Employee engagement - programs and benefits that are focused on keeping employees growing, learning, and happy - is critical.  It’s an employees market. Companies are popping up at lightning speed - branding agencies, digital shops, direct-to-consumer products - and the career options have never been more plentiful.  Employees feel more than ever that they are entitled to having their work life how, when and where they want it.

They’re not wrong.

So what’s do you do? Ratchet up your employee engagement efforts and make them part of your culture, something to be expected and synonymous with your employer branding that compels outsiders to want to work for you.

Management can often be short-sighted about employee engagement programs, focusing on the time away from work or incremental costs. The ugly reality is that if employees aren’t happy, the company will not perform at optimal level, there will be high turnover, and the environment can grow increasingly toxic.

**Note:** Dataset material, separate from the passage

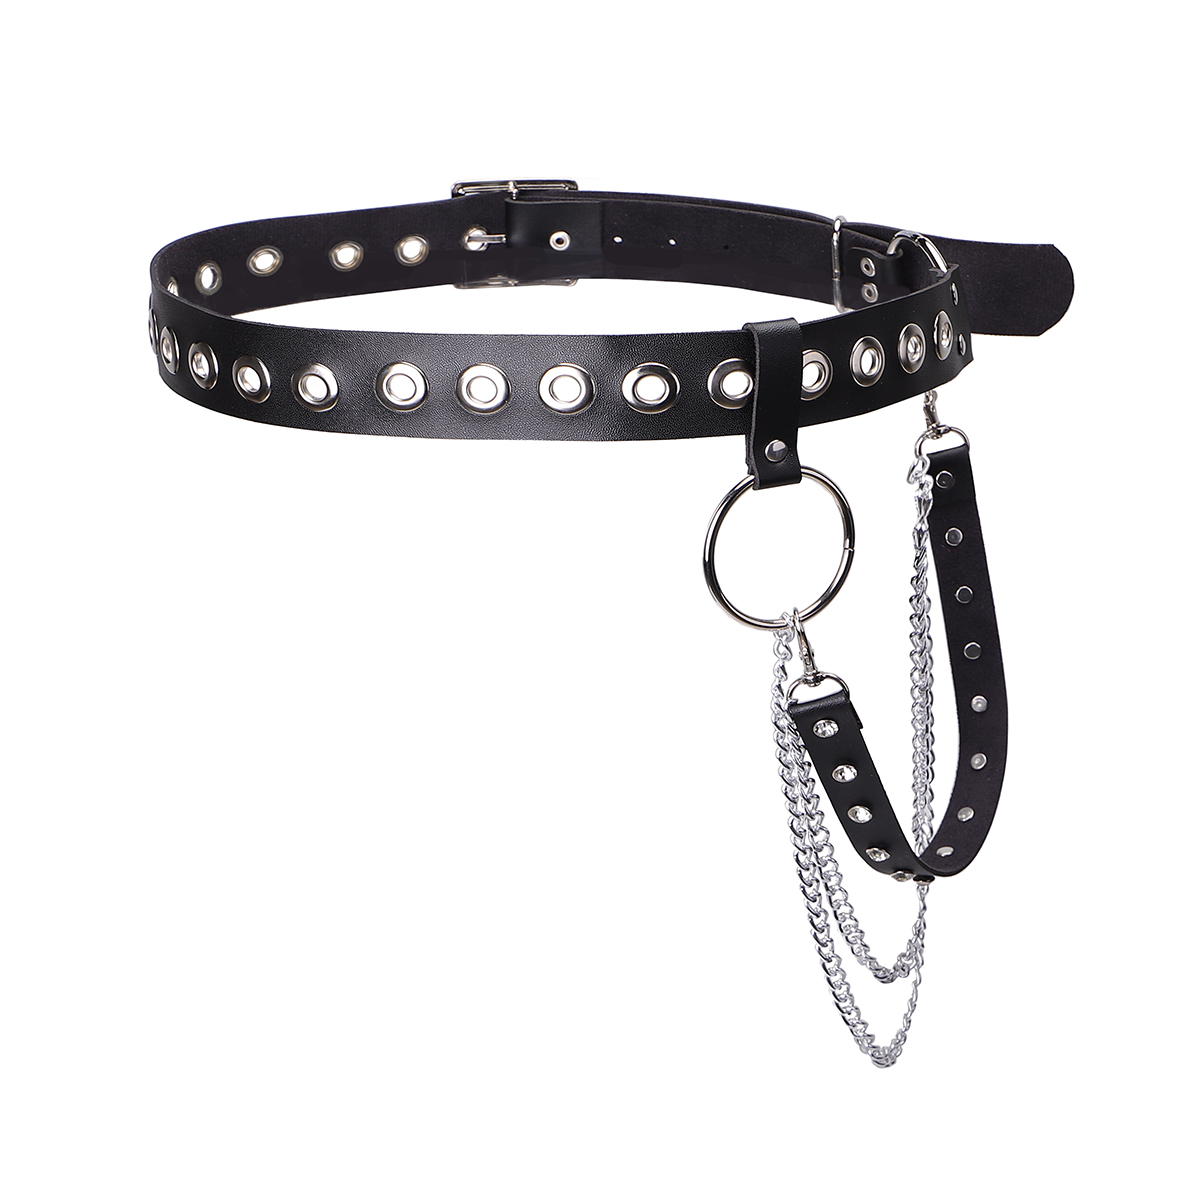 Fashion chain leather punk belt with silver O-ring and buckle

While it may seem daunting, it’s empowering to mine feedback from teams and solutions are often straightforward and can be cost effective.

Get started by administering a survey with only two asks:

  1. Name 3 things that work about working here.
  2. Name 3 things that do not work about working here.

When positioned this way, the questions remain objective and the answers are based in fact. Alternatively, a subjective question like, “What do you like/don’t like?” yields opinions and can open the door to complaints, which are not productive. Also, by limiting it to three things, employees will prioritize what’s important enough for them to bring to your attention.  

From there, identify the most common themes among both categories and use them to drive ideas for programs to put into place right away.

Example:

If a common theme is that employees feel they can’t talk to their managers, consider bringing in a communication coach that can facilitate quarterly trainings to open the door between managers and direct reports.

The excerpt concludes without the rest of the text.